1. Do not allow any entries/exits to shelters during a CB attack.

2. In hot climates the heat load will rise in sealed shelters with the ventilation system turned off. Personnel must carefully monitor each other and the patients. All personnel must drink plenty of water to prevent heat injuries; see FM 21-10.

[APPENDIX I]
DETECTION AND TREATMENT OF NUCLEAR, BIOLOGICAL, AND CHEMICAL CONTAMINATION IN WATER

I-1. General

Water supplies in areas with NBC contamination and in surface water supplied by runoff from such areas will most likely be contaminated. The contamination of water, whether intentional or inadvertent, may reach concentrations that will produce casualties. By special methods of analysis, the presence of contamination can be determined. Treatment of contaminated water requires chemicals and equipment that are only available to quartermaster water purification units; individuals or units should not attempt to treat their water. Decontamination of water is only undertaken when uncontaminated sources are not available; then ONLY with the approval of the medical authority (PVNTMED or surgeon).

I-2. Detection of Contamination in Water

a. Detection of nuclear contamination in water is accomplished by using the AN/PDR77, AN PDR/27 or AN VDR/2 radiac meters.

CAUTION

DO NOT allow the probe to come into contact with the water source; allow at least one inch of air space between the probe and water surface.

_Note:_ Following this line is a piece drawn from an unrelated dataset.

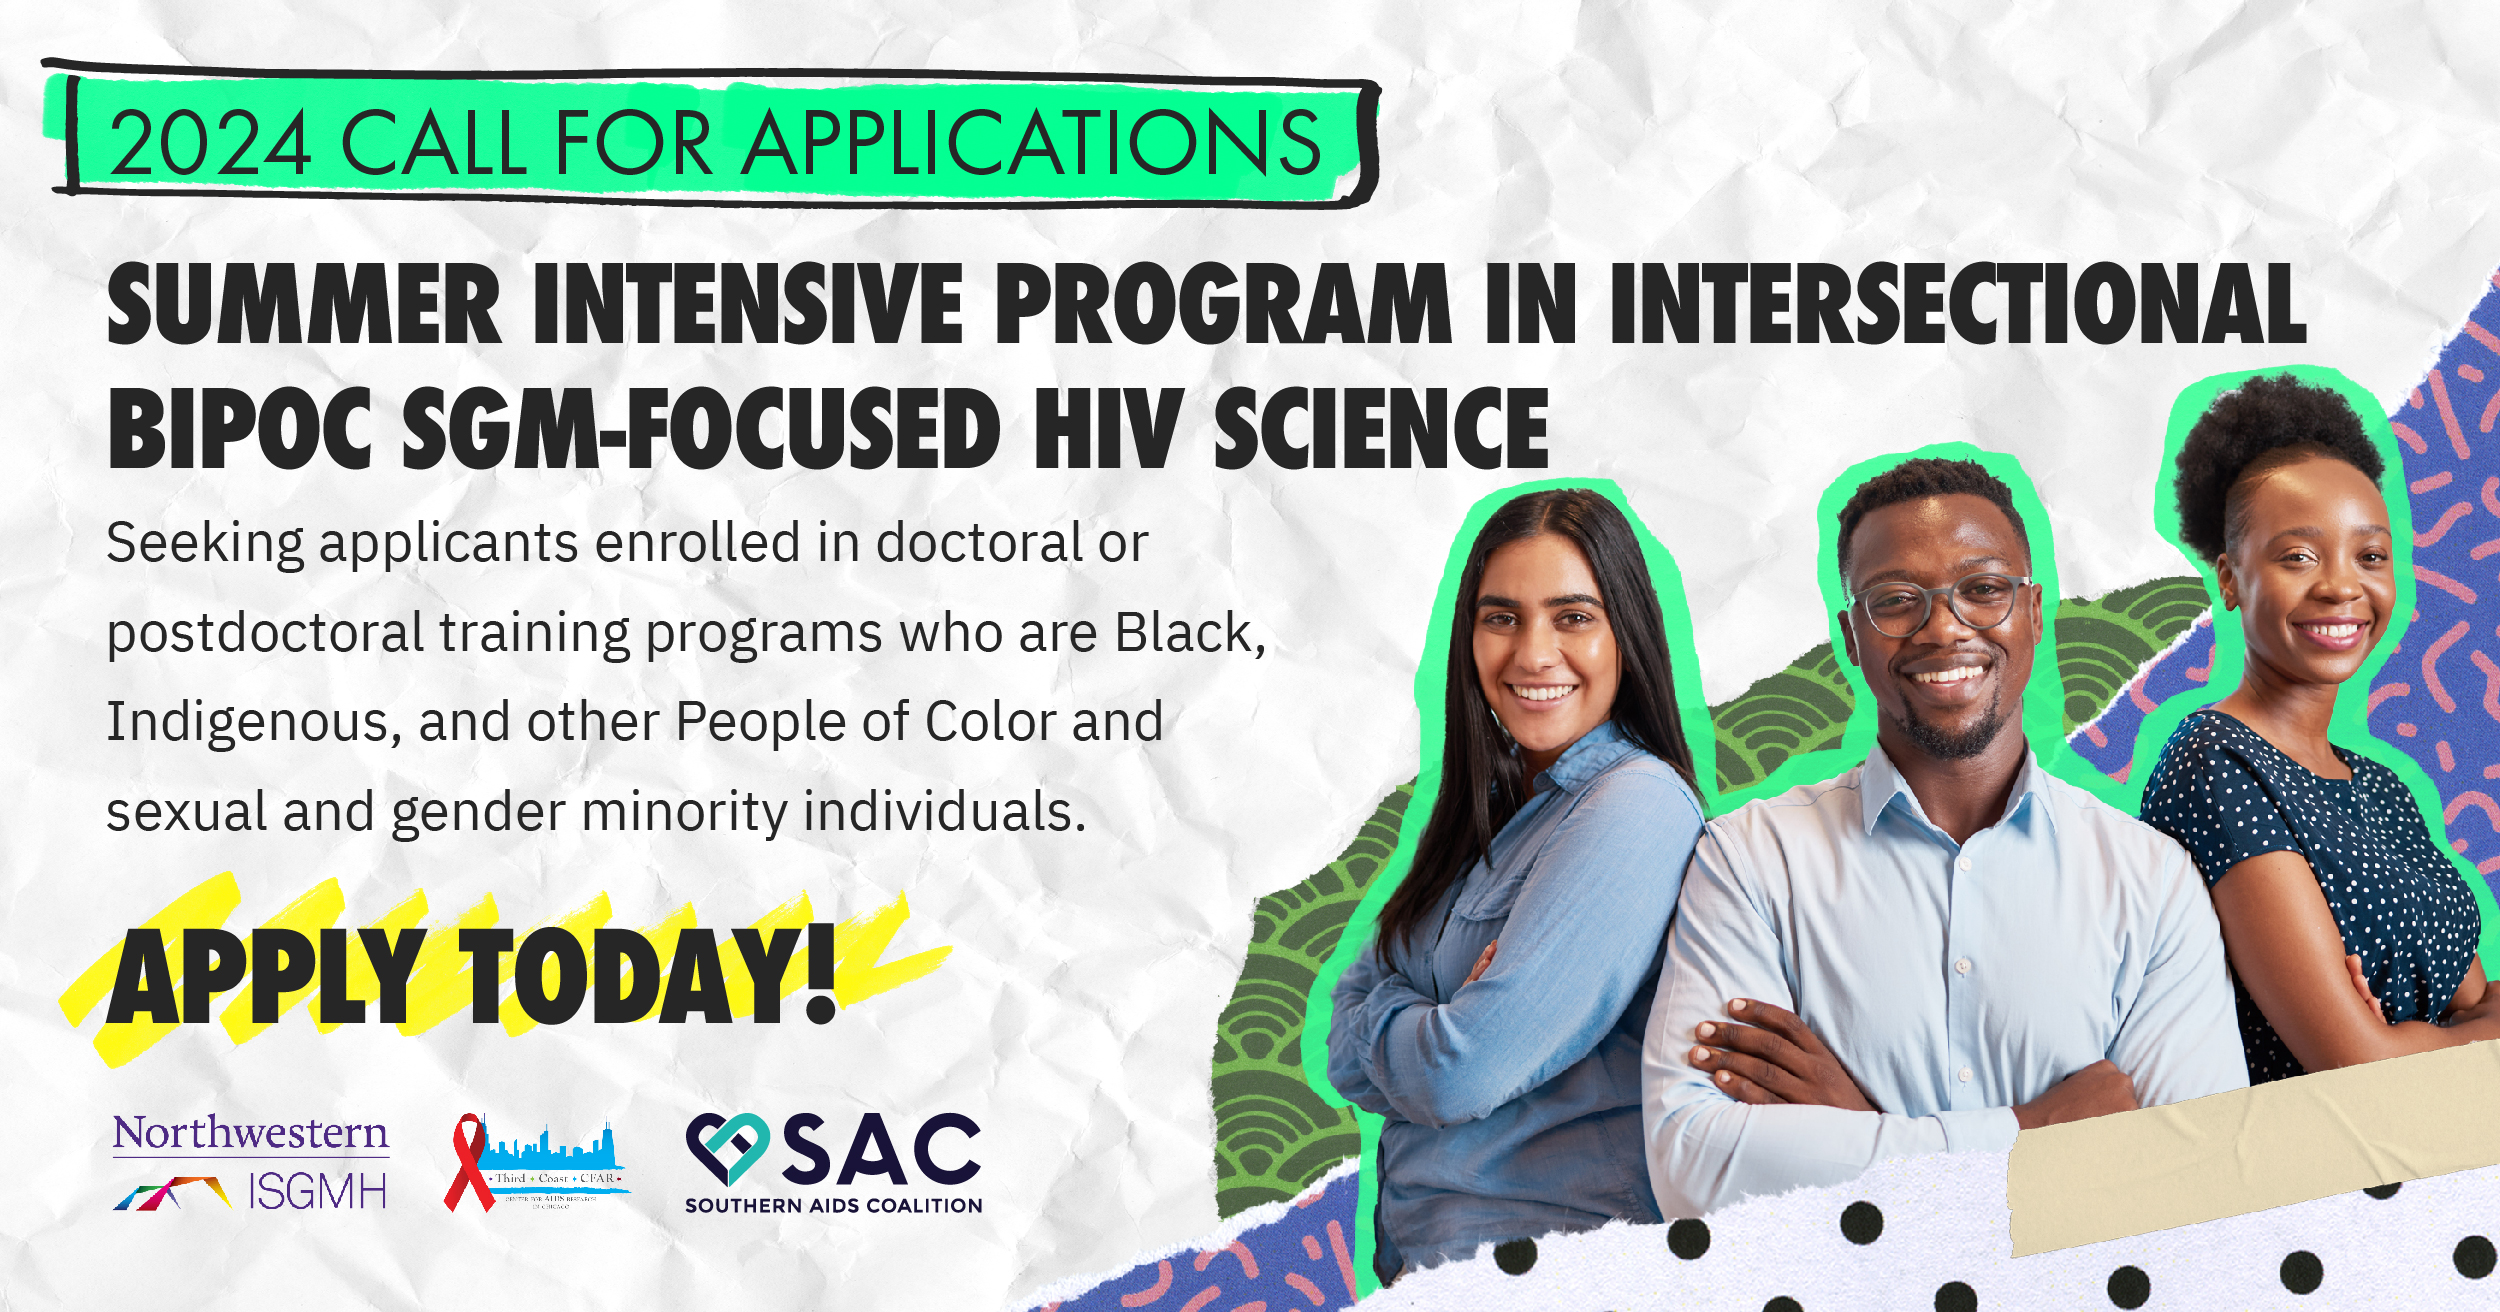 2024 Call for Applications. SUMMER INTENSIVE PROGRAM IN INTERSECTIONAL BIPOC SGM-FOCUSED HIV SCIENCE. Seeking applicants enrolled in doctoral or postdoctoral training programs who are Black, Indigenous, and other People of Color and sexual and gender minority individuals. Apply today! Northwestern ISGMH, Third Coast CFAR, Southern AIDS Coalition.

b. Detection of BW agents in water is accomplished by the use of field biological water test kits and specially designed collection and detection kits. The specialty kits will be provided as needed, and will be available to PVNTMED and supporting medical laboratory personnel. When required for the President and Secretary of Defense purpose, samples must be collected and prepared for shipment to the supporting medical laboratory. A chain of custody document must be prepared by the collector and maintained as the sample(s) is being transported to the supporting medical laboratory and throughout its transit to the CONUS laboratory. See [Appendix F] for details on suspect BW sample collection, packaging, chain of custody, and handling.

c. The Chemical Agent Water Testing Kit, M272, provides a rapid field test to detect chemical agent contamination in water. The test must be conducted before the water is treated with chlorine; the chlorine will affect the accuracy of the test for chemical agents.

I-3. Procedures on Discovery of Contamination in Water

When contamination is discovered the following actions are taken:

a. Mark the water source, using the standard NBC contamination markers, and ensure that personnel do not consume the water until approved.

b. Notify the commander that the water source is contaminated and unfit for drinking, food preparation, and personal hygiene.

c. Notify the supporting water production unit, such as the quartermaster water production and distribution unit of the contaminated water source.

d. The commander establishes safeguards to prevent personnel from using the contaminated water supply.

e. An alternative source of uncontaminated water is sought and used. The primary source for obtaining water is from quartermaster-operated water production and distribution points. Other sources are considered only when quartermaster-operated faculties are not available. Alternative sources that may be considered include—

• Ground water sources that are least likely to be contaminated.
• Local fixed facility water supplies. However, these supplies must be tested before use. If NBC contamination is found do not use.
• Using another location to obtain an uncontaminated water source, when the tactical situation permits.

f. Contaminated water must not be used until it has been treated by quartermaster water production and distribution units or other equally capable water purification units and approved for use by the medical authority.

I-4. Treatment of Contaminated Water

Contaminated water requires additional equipment and supplies to remove the contamination. Quartermaster water purification and distribution units are equipped to perform these duties. See FM 10-52 for details.

[APPENDIX J]
FOOD CONTAMINATION AND DECONTAMINATION

J-1. General

a. Food Susceptibility. Stored, transported, and prepared food is susceptible to NBC contamination throughout the TO. Planning for any battle or operation must include food protection from contamination; food contamination detection; and contaminated food disposition (decontaminate or destroy).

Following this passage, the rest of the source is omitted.